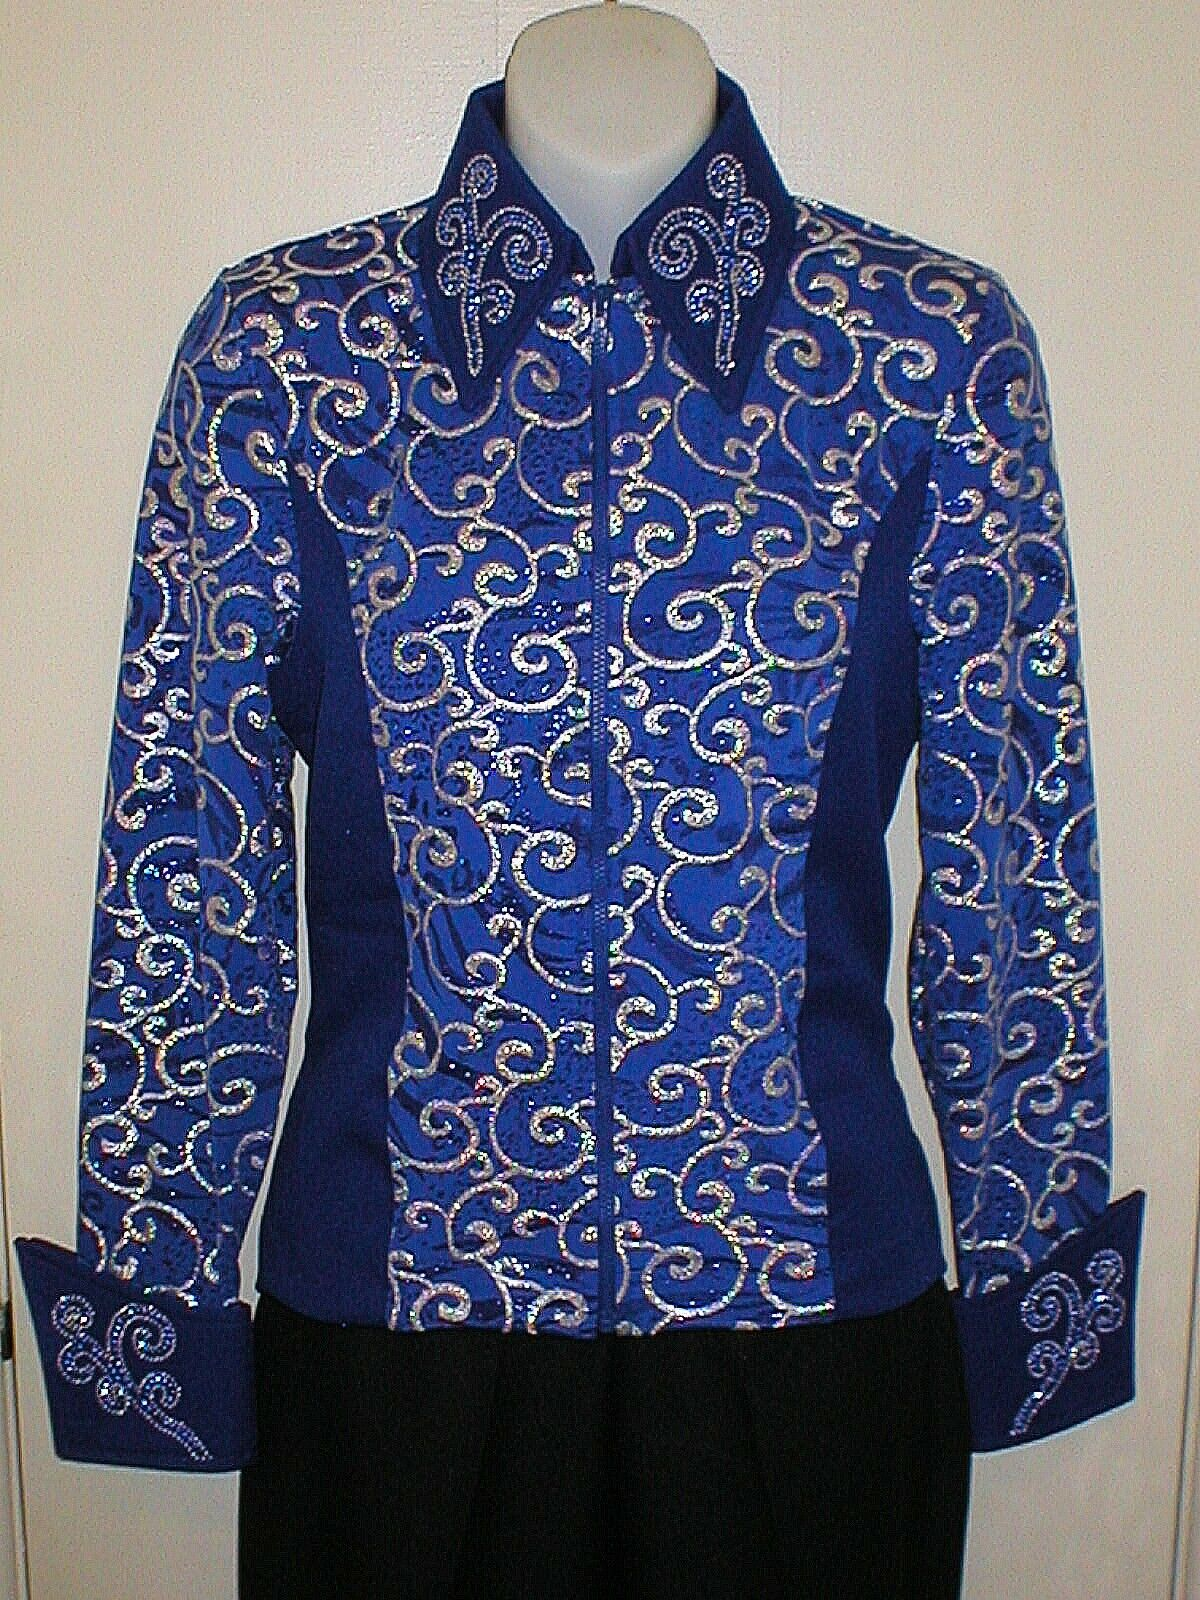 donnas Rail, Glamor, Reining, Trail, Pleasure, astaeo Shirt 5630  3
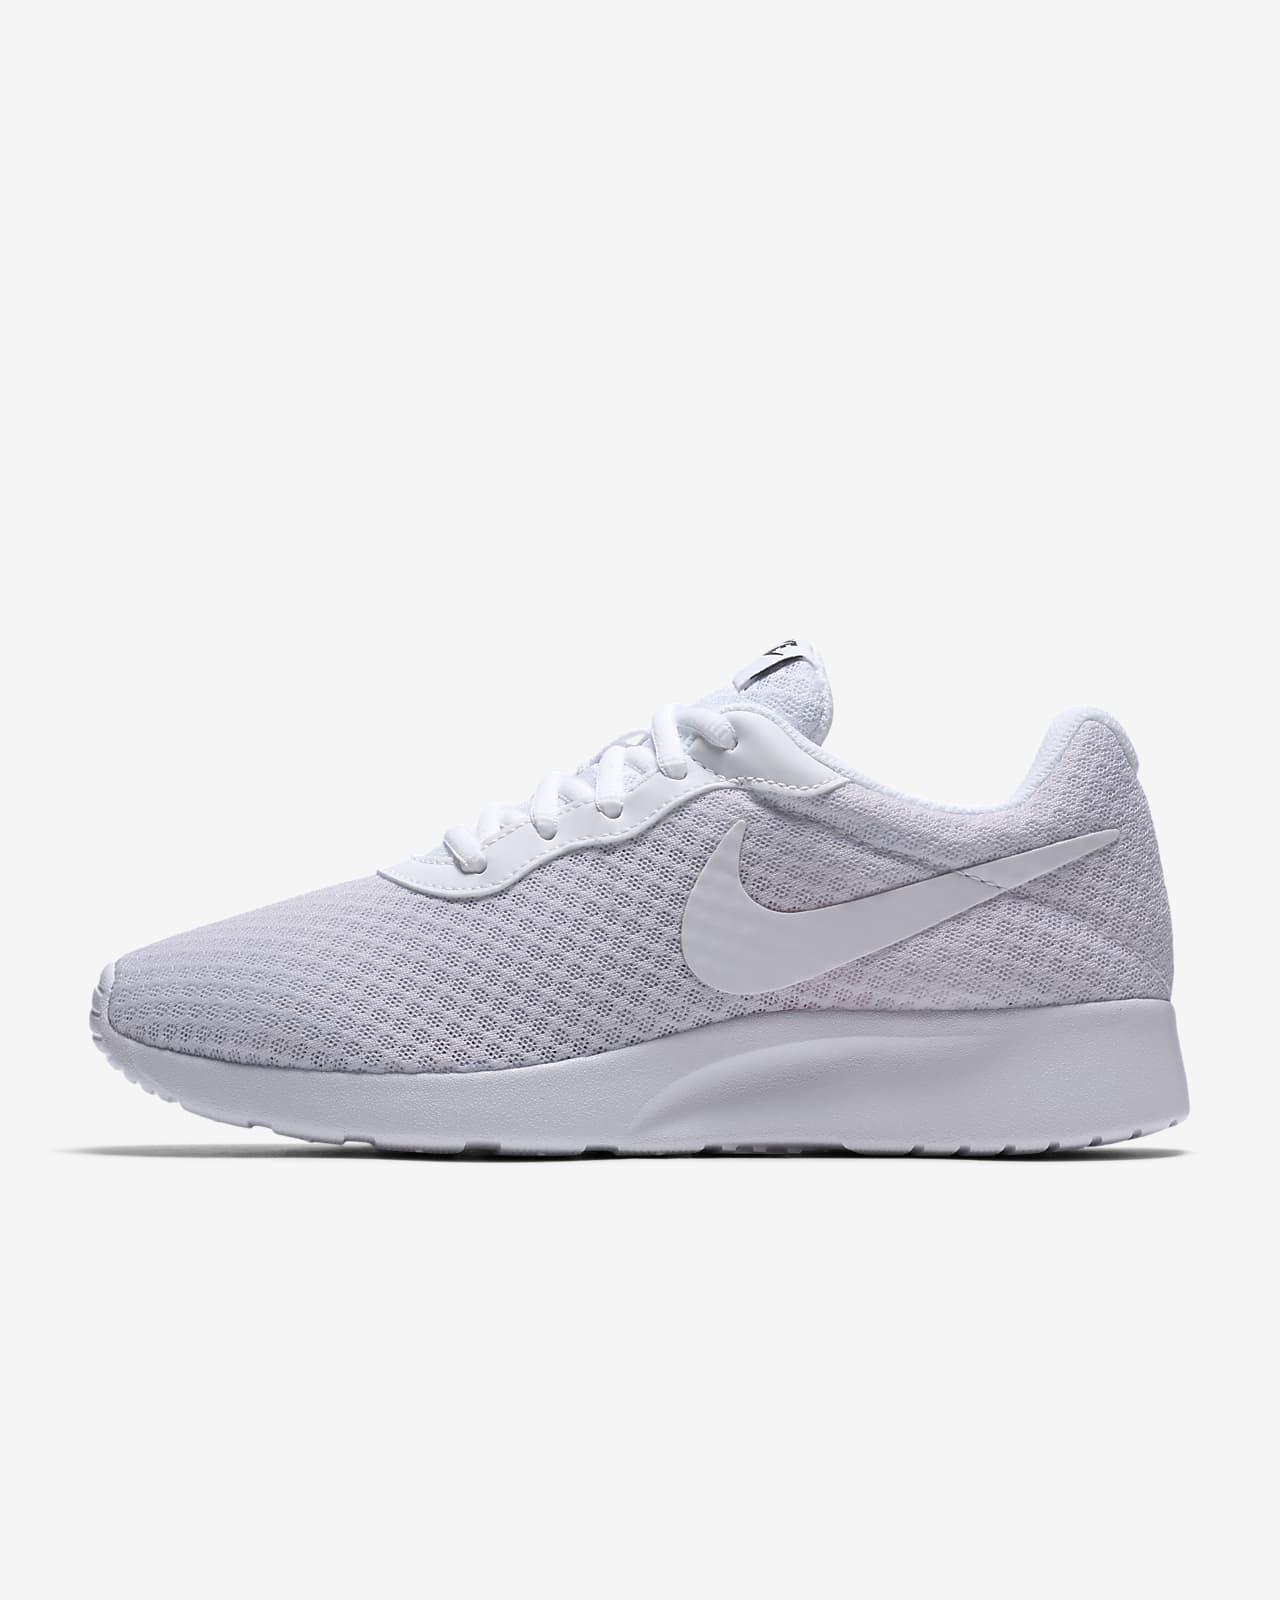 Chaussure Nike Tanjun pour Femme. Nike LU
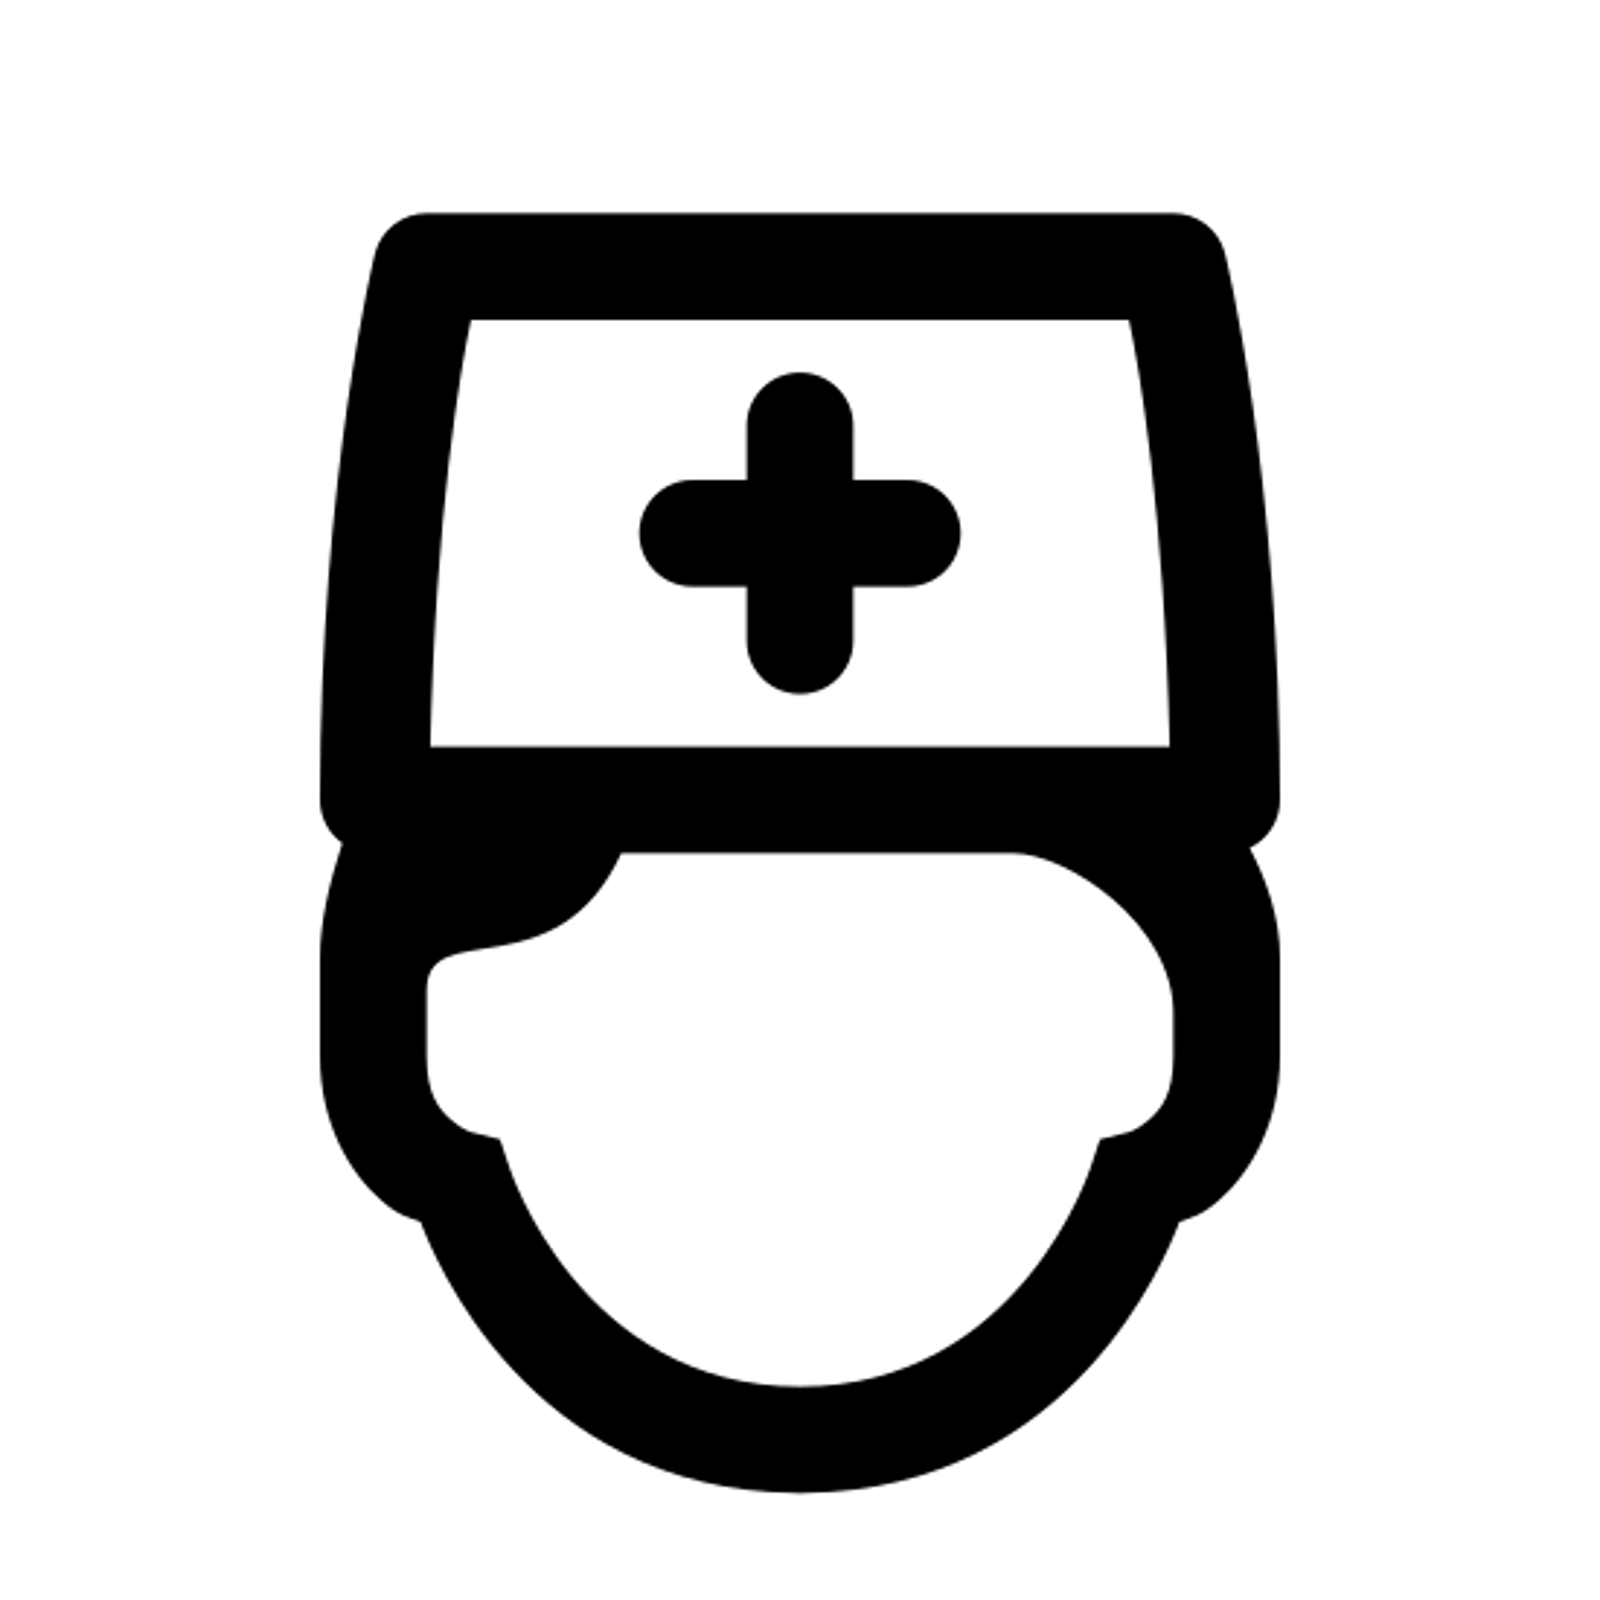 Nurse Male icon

What to produce: Would you copy all the material exactly, dropping the pictures?

Reply to the exercise:
 donnas Rail, Glamor, Reining, Trail, Pleasure, astaeo Shirt 5630  3
 Chaussure Nike Tanjun pour Femme. Nike LU
 Nurse Male icon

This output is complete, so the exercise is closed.